Therefore, "cofr" should apply only to continued fraction expansions, not to
other sequences related to continued fractions.

If we take the above definition literally, any sequence of positive
integers, except possibly finite sequences ending in 1, is the continued
fraction of some real number, and should therefore be marked "cofr".  This
is clearly not what was intended.  I'm guessing the proper interpretation is
closer to "standard continued fraction expression for real number
expressible in some other form".

Even by this stricter definition, a lot of continued fractions are not
marked.  For example, any periodic sequence of positive integers is the
continued fraction some r = (a+b sqrt(x))/c.  We could in theory compute r
for any of these sequences (some sequences, e.g. A000790, with long periods
or large elements, may be practically prohibitive) and add a comment and
"cofr" keyword to them.  There are other sequence with closed-form continued
fraction expressions, such as A000027 (natural numbers) for which r is
expressible in terms of elliptic functions.  Additionally, there are many
sequences that are not continued fraction expressions, but are marked
"cofr", presumably because they are related to continued fractions.  Future
project maybe.

Also, the OEIS does not specify what a continued fraction sequence a_r for a
real number r should look like.  I prefer the definition

a_r = (r) if r in Z; (floor(r)) concat a_r(1/(r-floor(r))) otherwise.

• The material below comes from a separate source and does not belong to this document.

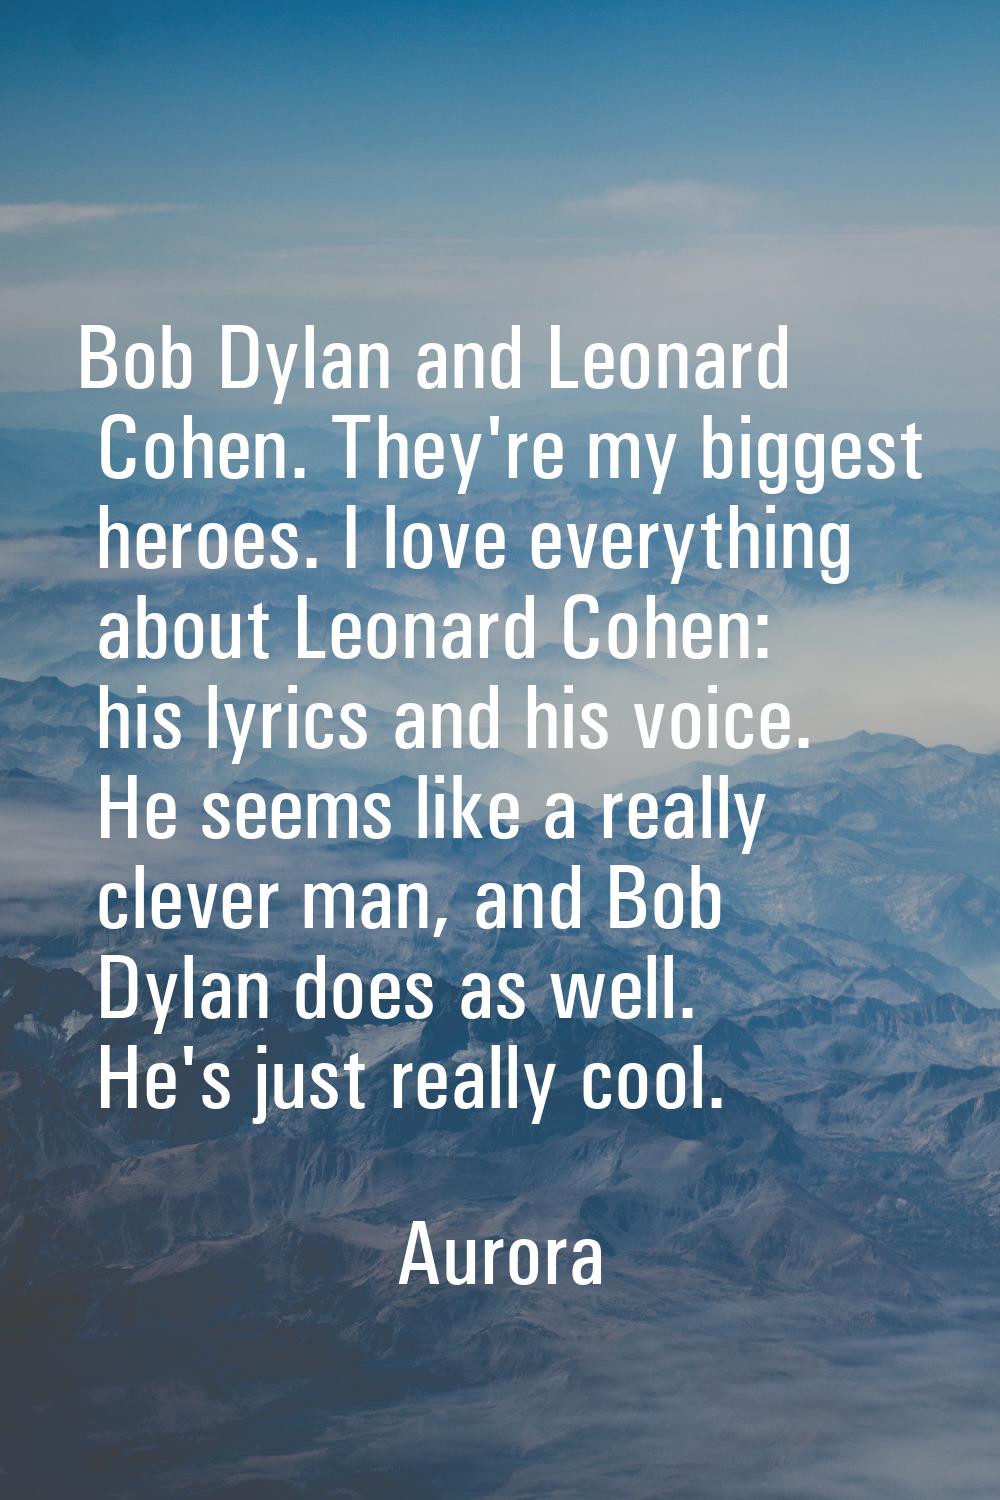 Bob Dylan and Leonard Cohen. They're my biggest heroes. I love everything about Leonard Cohen: his

I like to index continued fractions starting at a_r(0) = floor(r), your
mileage may vary.

------------------------------------------------------------------------------------------------------
A similar situation occurs with the "base" keyword.

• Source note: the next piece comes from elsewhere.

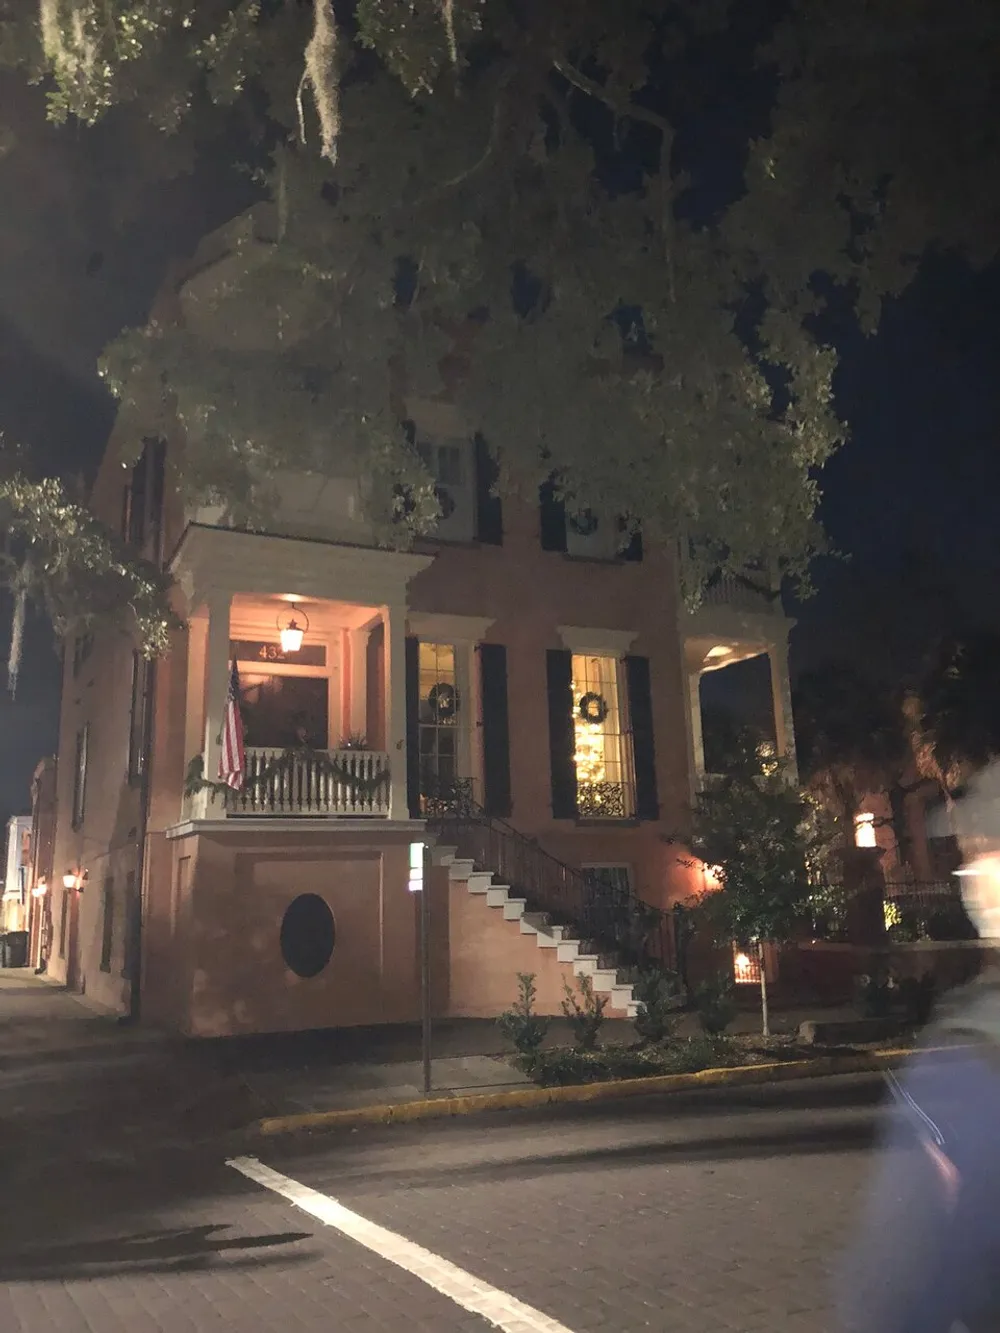 The image shows a stately brick building at night illuminated by exterior lights with a grand staircase leading to an entrance flanked by large windows and draped with Spanish moss-laden trees overhead

base: Sequence is dependent on base used

Again the definition is a little less than specific.  With base-related
sequences, there are usually two types of bases to consider, calculation
bases and expression bases.

Calculation bases are numerical bases used to compute the sequence.  For
example, A000040 (the prime numbers) are base-independent (no particular
base representation is required to compute them), so A000040 has no
calculation base.  For example, A023416 is the number of zeroes in the
binary representation of n, is computed from the binary representation of n,
so it has 2 as a calculation base.  A008560, in which each element is
interpreted in ternary and converted to binary, has calculation bases 2 and
3.

The idea that a particular sequence "uses" or "requires" a particular
calculation base is an ill-defined concept.  For example, if A023416 is
defined as the number of zeroes in the binary representation of n, changing
"binary" to "ternary" changes the sequence.   On the other hand, using the
alternative definition a(1) = 0; a(2n) = a(n)+1; a(2n+1) = a(n), the
sequence values are independent of whether the calculation is done in binary
of ternary.  Any definition that uses a particular base can be recast into
one that does not, so it's often a question of whether the sequence is best
defined in terms of base representations.  For example, it is easy to
described the RATS sequence (A004000) in terms of base 10 numerals, whereas
a base-independent definition would be a bear to construct.

Expression bases are bases used to express values in the sequence.  The
expression base for A00040 is 10, as is the expression base for A023416.
A008560 appears to have expression base 3.  A095425 (10 expressed in various
bases) has several expression bases.

I am thinking that Sloane's original vision of the OEIS was as a database of
integer sequences, and that representational issues would be avoided by
sticking with standard base 10 decimal representation for all elements.
Sequences such as A008560 and A095425, whose elements are not properly
interpreted as base 10 numerals, are actually abuses of the OEIS format.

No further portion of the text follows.